First, as the above Ars Technica article explains, Lion keeps track of “file chunks”, and only actually saves those chunks that have changed; these are stored in binary blobs off the
.cs directory. Actually figuring out which chunks have changed is pretty challenging, and again Ars Technica provides hints and links illustrating the principles and heuristics at work. The whole system is pretty sophisticated, but then again, it has to be: versions are stored in your internal hard disk (indeed, your normal working “volume”); if you are editing a movie, you would not want to keep around 10 almost identical copies of a multi-gigabyte file, would you?
Now, you may rememeber that Time Machine does something similar to keep the size of backups under control. Again, Ars Technica comes to our aid. Instead of saving a copy of your entire hard disk each time it runs, Time Machine creates hard links to files and directories that have not changed since the last backup, and only copies files that have been modified. However, all this happens at the file level. Lion’s file versioning instead operates below the file level—it tracks and saves file chunks, which requires quite a bit more cleverness.

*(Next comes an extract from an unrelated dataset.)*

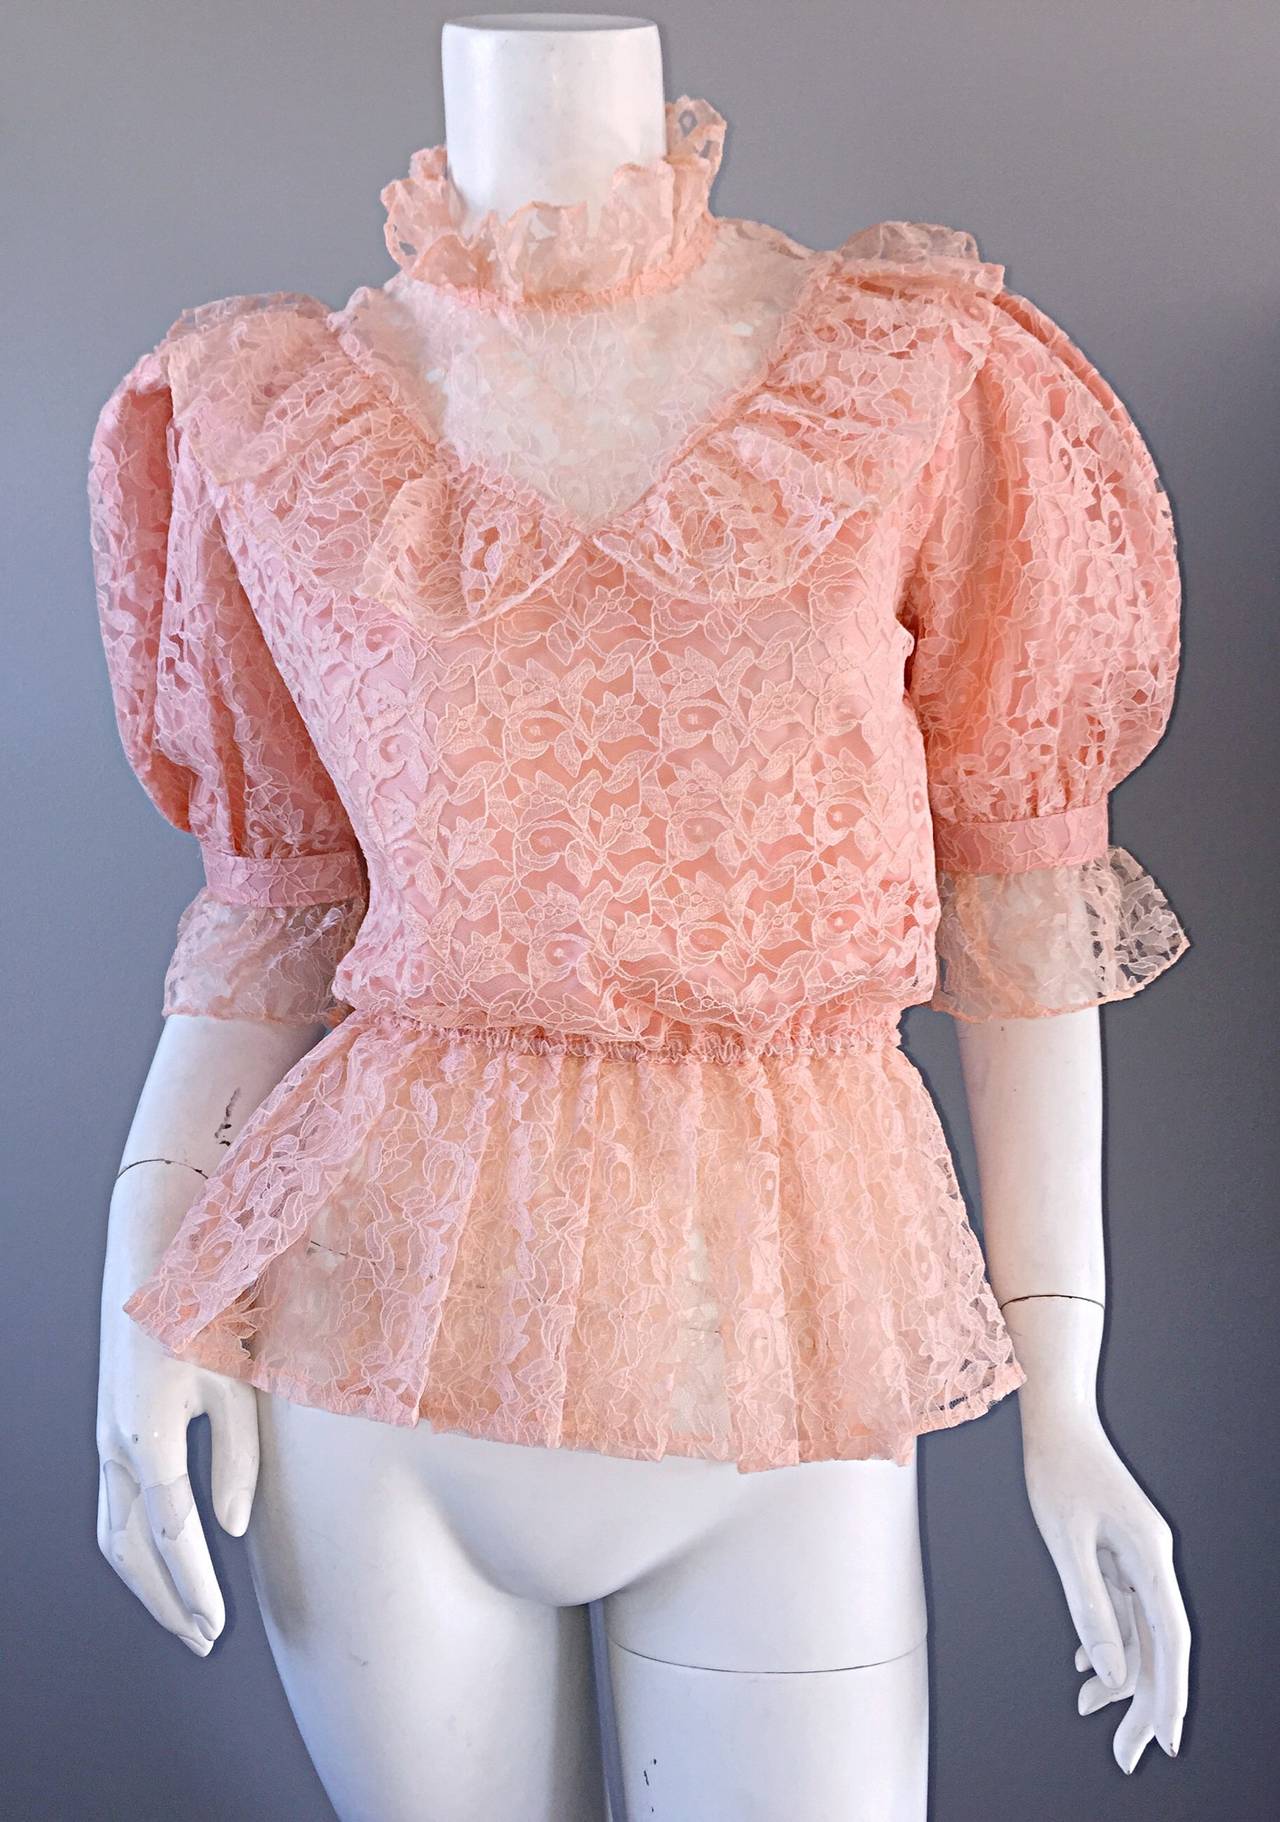 Cute 1970s 'Victorian Revival' pale pink lace blouse! High lace neck, with pearl buttons at back neck. Stylish 'puff sleeves.' Peplum hem, with an elastic waistband. Hook-and-eye at each sleeve cuff. Made extremely well, and very versatile. Looks

What’s intriguing is that the above does not explain why, when you look at files off the PerUID directory, you see what appear to be full copies of each version of any given file. For example, here’s what I get by issuing
ls -l /.DocumentRevisions-V100/PerUID/505/3/com.apple.documentVersions:
total 0 -r--r--r--@ 1 marciano staff 512 Aug 6 14:00 655BB90C-85A2-4F64-A9D0-9C469DABD56E.rtf -r--r--r--@ 1 marciano staff 324 Aug 5 17:29 A8DD2DAF-26F1-4CCA-8C9E-1811A379939A.rtf -r--r--r--@ 1 marciano staff 324 Aug 5 17:29 D8BFF539-F540-4EDA-A1A2-14E74C2CE5CA.rtf -r--r--r--@ 1 marciano staff 5057 Aug 6 14:02 DDA0C14D-DCC6-484F-BDB4-5F99A3923EE3.rtf
Again, you can open each of these files, and you will see the corresponding revision. The last one (dated August 6 at 14:02) is apparently 5057 bytes long. This matches what you see if you issue
ls -l in the directory where I keep the file itself:
total 16 -rw-r--r-- 1 marciano staff 5057 Aug 6 14:02 external.rtf
However, notice the first lines in the two displays. According to the
ls manual entry, this displays the number of 512-byte blocks actually used in the directory being listed. I assume that Lion saves files in 4096-byte bloks, so a 5057-byte file requires two such blocks—or exactly 16 512-byte blocks. But note that the versions directory requires zero 512-byte blocks, despite the fact that it seemingly contains 4 non-empty files! So, what gives?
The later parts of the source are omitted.